# What foundation worked for you?



## brooksbeefarm (Apr 13, 2008)

Beeswax foundation.Never had a failure yet.


----------



## mhorowit (Sep 25, 2011)

brooksbeefarm said:


> Beeswax foundation.Never had a failure yet.


Can you describe what you did? - Mike


----------



## Beethinking (Jun 2, 2008)

I've used popsicle sticks and wedge guides like the ones we sell (http://www.beethinking.com/top-bars). I've not really seen any difference in success -- both work great for me. What is critical, of course, is monitoring the hive after the first couple weeks of comb production. This is where things usually start going wrong, and unless you intervene they always get worse.

Matt


----------



## brooksbeefarm (Apr 13, 2008)

Sorry bout that, didn't realize you were talking about top bar hives. I should have known.


----------



## cerezha (Oct 11, 2011)

My bees refused to stay in KTBH. Thus, I am using reduced (no bottom and/or sides) foundationless frames in the Lang. I was trying many different designs of the frame and "starter strip". In my opinion, there is no winner - all designs works approximately the same to me. If interested, there are bunch of pictures of foundationless frames in "picture gallery". I sort of ended up with groove filled up with wax, but it is just because it is simpler to me. I think, as in any business with bees, the girls have their own way. Once they get used to frame and starter strip of particular kind - they drawn perfect comb if they wanted! When I add empty frame/bar - I always try to put it between at least partially drawn frames/bars. Another trick to me is to remove frames/bars with honey as it is completed. My observation is that if completed frame with honey is sitting in the hive for while - girls got into "renovation" mood and than, one could expect all kinds of bee-creativity! I am not sure if these observations are true for TBH.


----------



## mhorowit (Sep 25, 2011)

Cacklewack said:


> I've used popsicle sticks and wedge guides like the ones we sell (http://www.beethinking.com/top-bars). I've not really seen any difference in success -- both work great for me. What is critical, of course, is monitoring the hive after the first couple weeks of comb production. This is where things usually start going wrong, and unless you intervene they always get worse.
> 
> Matt


That's the secret. Which means frequesnt looking and when you're a newbie, approaching the hive is a bit daunting - Mike


----------



## Beethinking (Jun 2, 2008)

Mike -- Which is why I try to make it clear to beekeepers new and old that top bar hives are NOT less hands-on than other hives. But in fact, they require more maintenance/monitoring at least early on while the colony is building the majority of their combs. If people want a hive they can dump bees into and largely ignore, a Langstroth or a Warre is a better solution.


----------



## mhorowit (Sep 25, 2011)

Cacklewack said:


> Mike -- Which is why I try to make it clear to beekeepers new and old that top bar hives are NOT less hands-on than other hives. But in fact, they require more maintenance/monitoring at least early on while the colony is building the majority of their combs. If people want a hive they can dump bees into and largely ignore, a Langstroth or a Warre is a better solution.
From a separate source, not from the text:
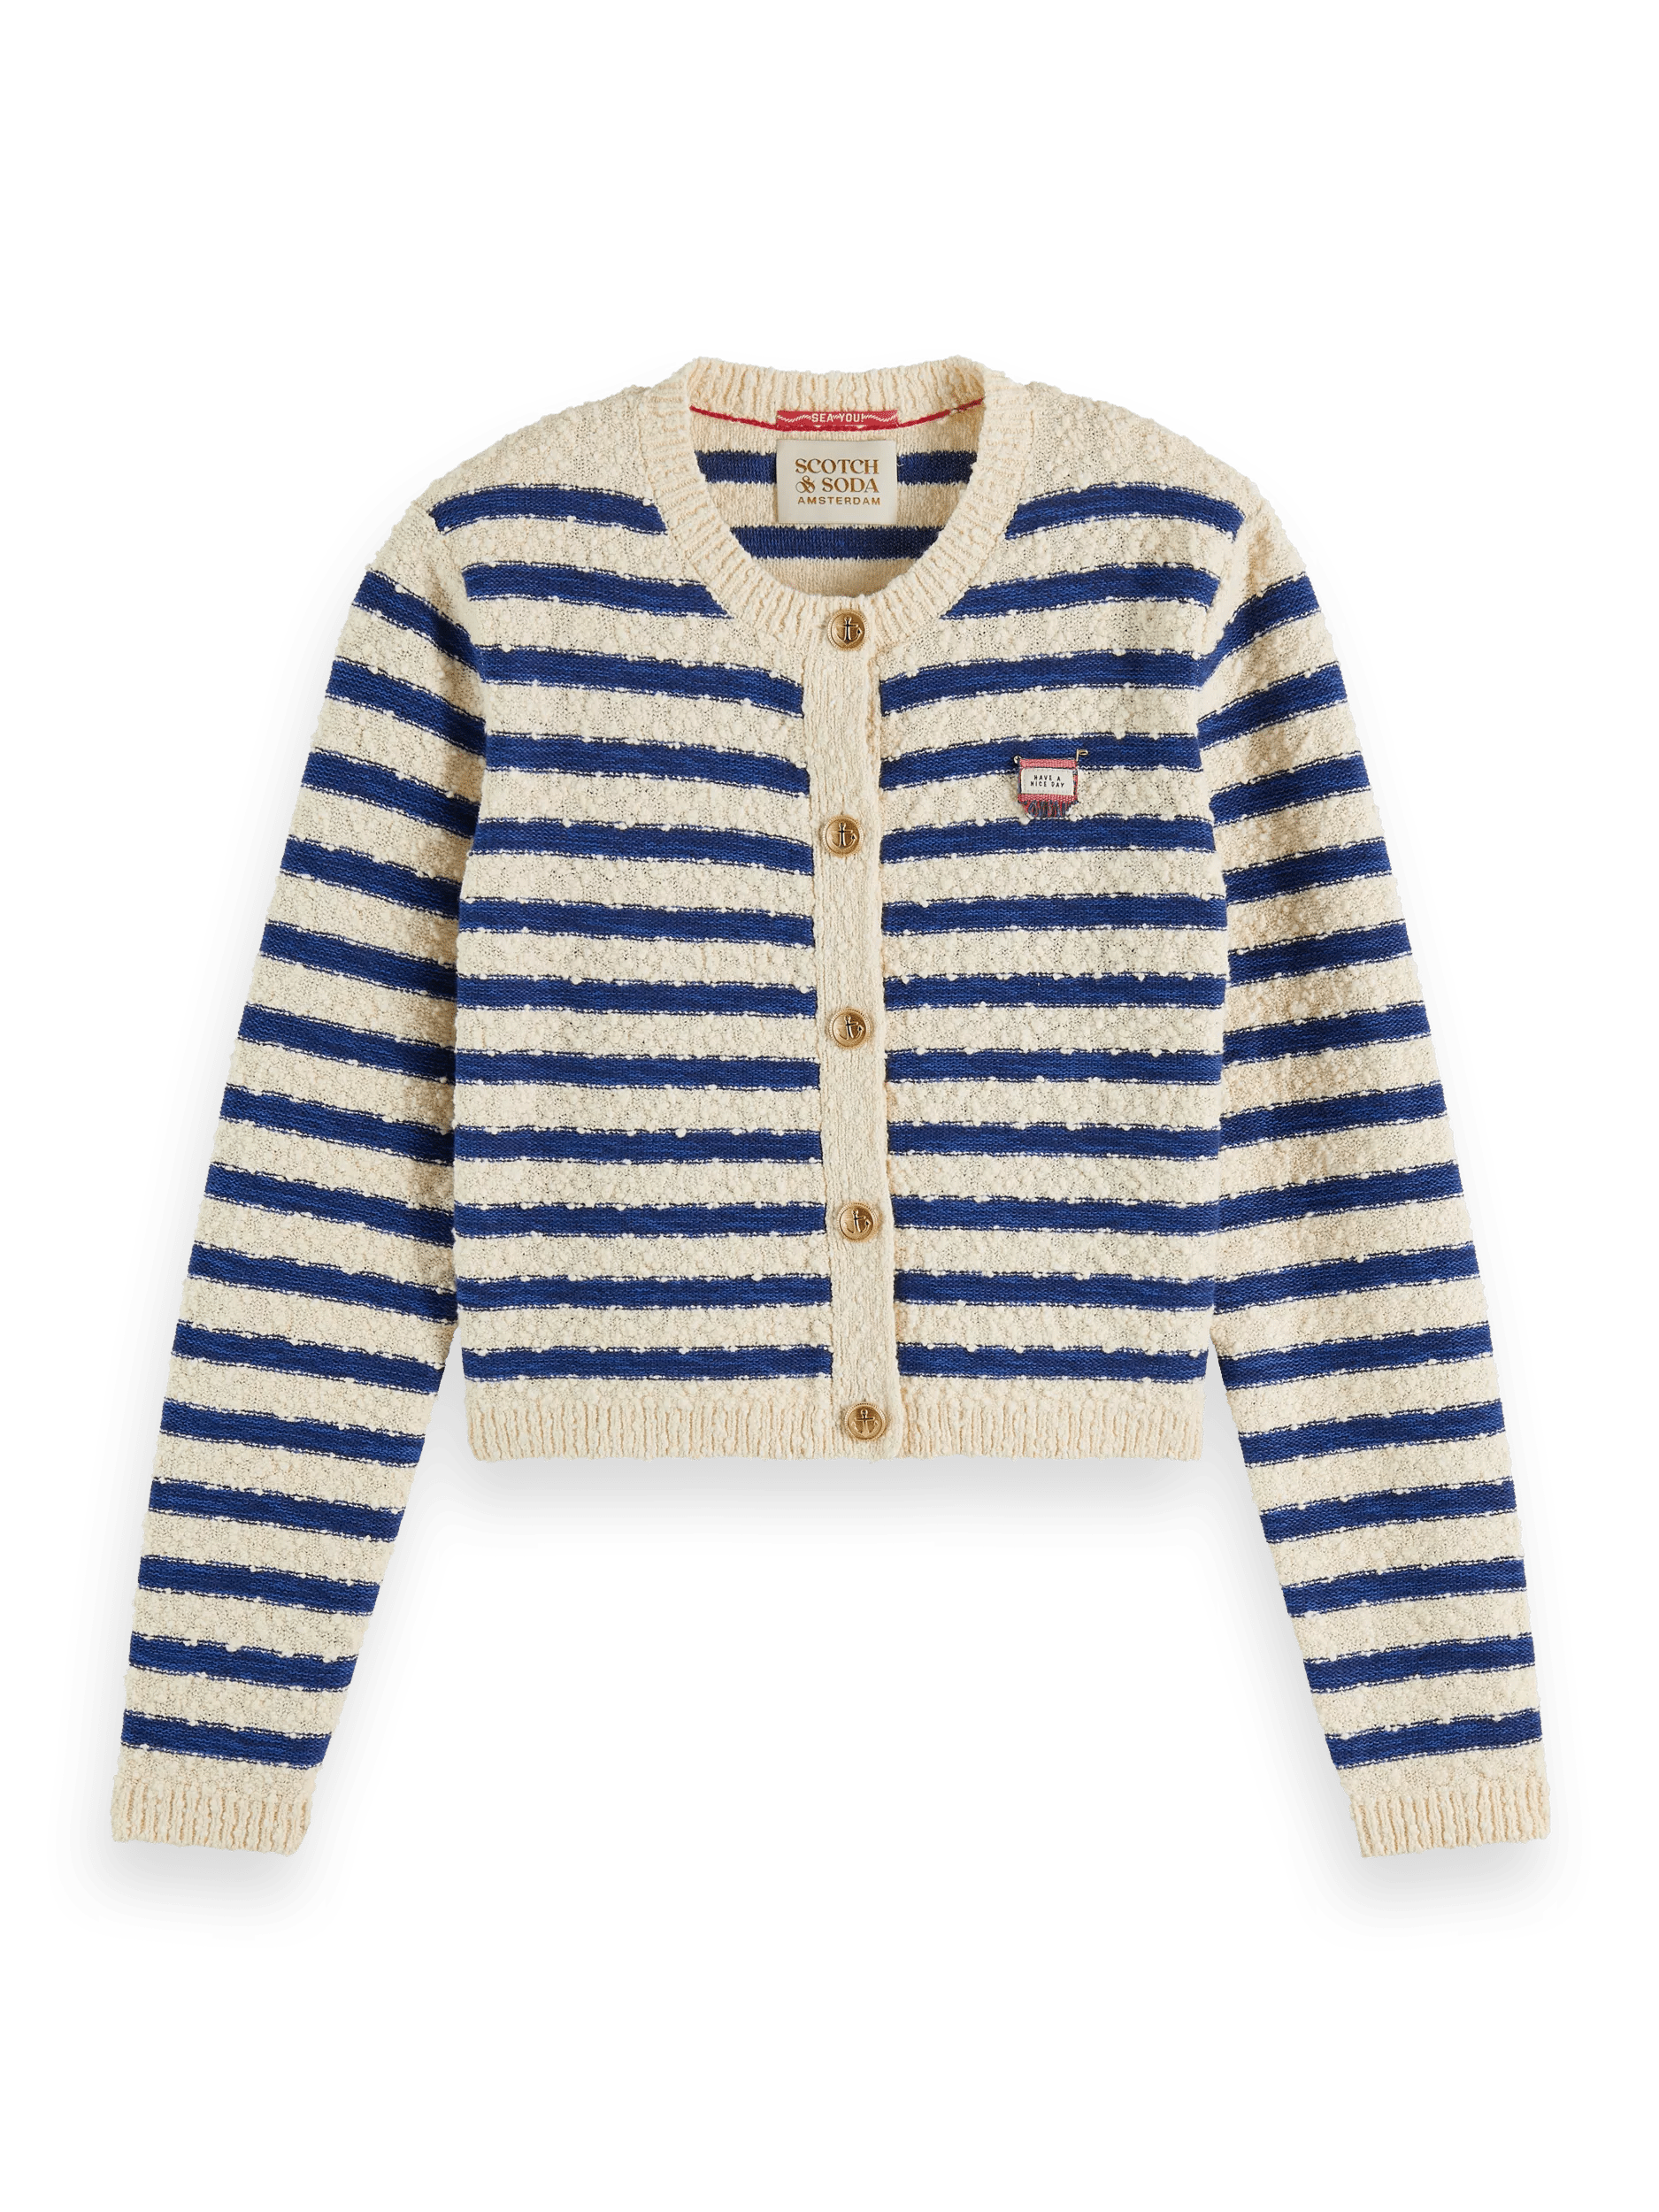 Scotch & Soda Textured Breton stripe cardigan FNT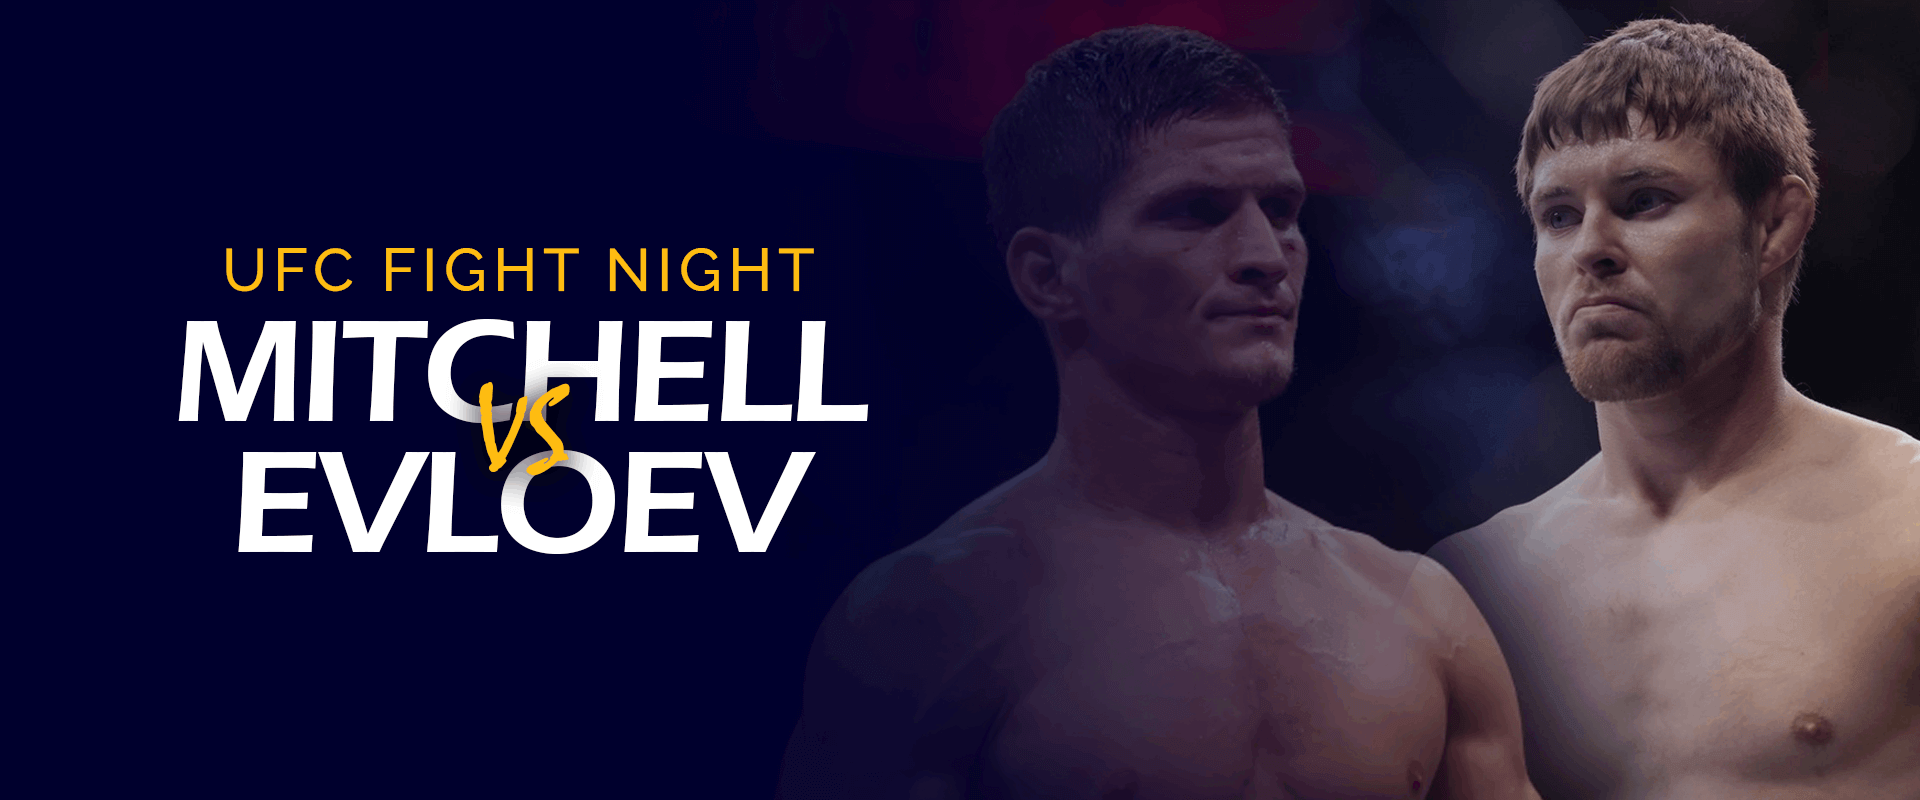 UFC Dövüş Gecesi - Mitchell, Evloev'e Karşı

Right; that's why in the back of my mind I'm thinking of a 30 bar "long hive"; best of both worlds - Mike


----------



## Michael Bush (Aug 2, 2002)

I've had the best luck with a triangular comb guide. I cut mine from the corner of a one by, but you can buy chamfer molding and it works just as well.


----------



## jim314 (Feb 12, 2011)

Chamfer molding worked good for me also.


----------



## Mr.Beeman (May 19, 2012)

I had some leftover 1/8" x 1/2" rippings from a project so I used them. I dumped in the swarm and carefully inspected the comb building process for a month or so. For the most part the girls did well all by themselves. Only a few combs needed some attention.
Within four months 27 out of 29 bars had full combs on them.
BTW, sorry about the loss of your hive.


----------



## kenneth_church (Feb 14, 2012)

I filled a saw blade groove with wax. After the wax dried I ran a blade held at an angle along the entire length of the wax filled grove to create a "burr" of wax. The bees started building comb along the burr and have had no trouble.


----------



## cerezha (Oct 11, 2011)

kenneth_church said:


> I filled a saw blade groove with wax. After the wax dried I ran a blade held at an angle along the entire length of the wax filled grove to create a "burr" of wax. The bees started building comb along the burr and have had no trouble.


 Could you provide a picture? I do not understand what blade do? Just melt wax? My current technique is exactly as yours - saw blade grove filled with wax, but without second part (burr wax). Sergey


----------



## Maryland Beekeeper (Nov 1, 2012)

I've tried over a dozen variations. Clear winner is 1/2" strip of wax foundation running full length of TB and painted in groove w/ melted bees wax. B careful w/ triangle, the degree of angle is important for structural integrity due to angle of comb construction. 
Cheers,
Drew


----------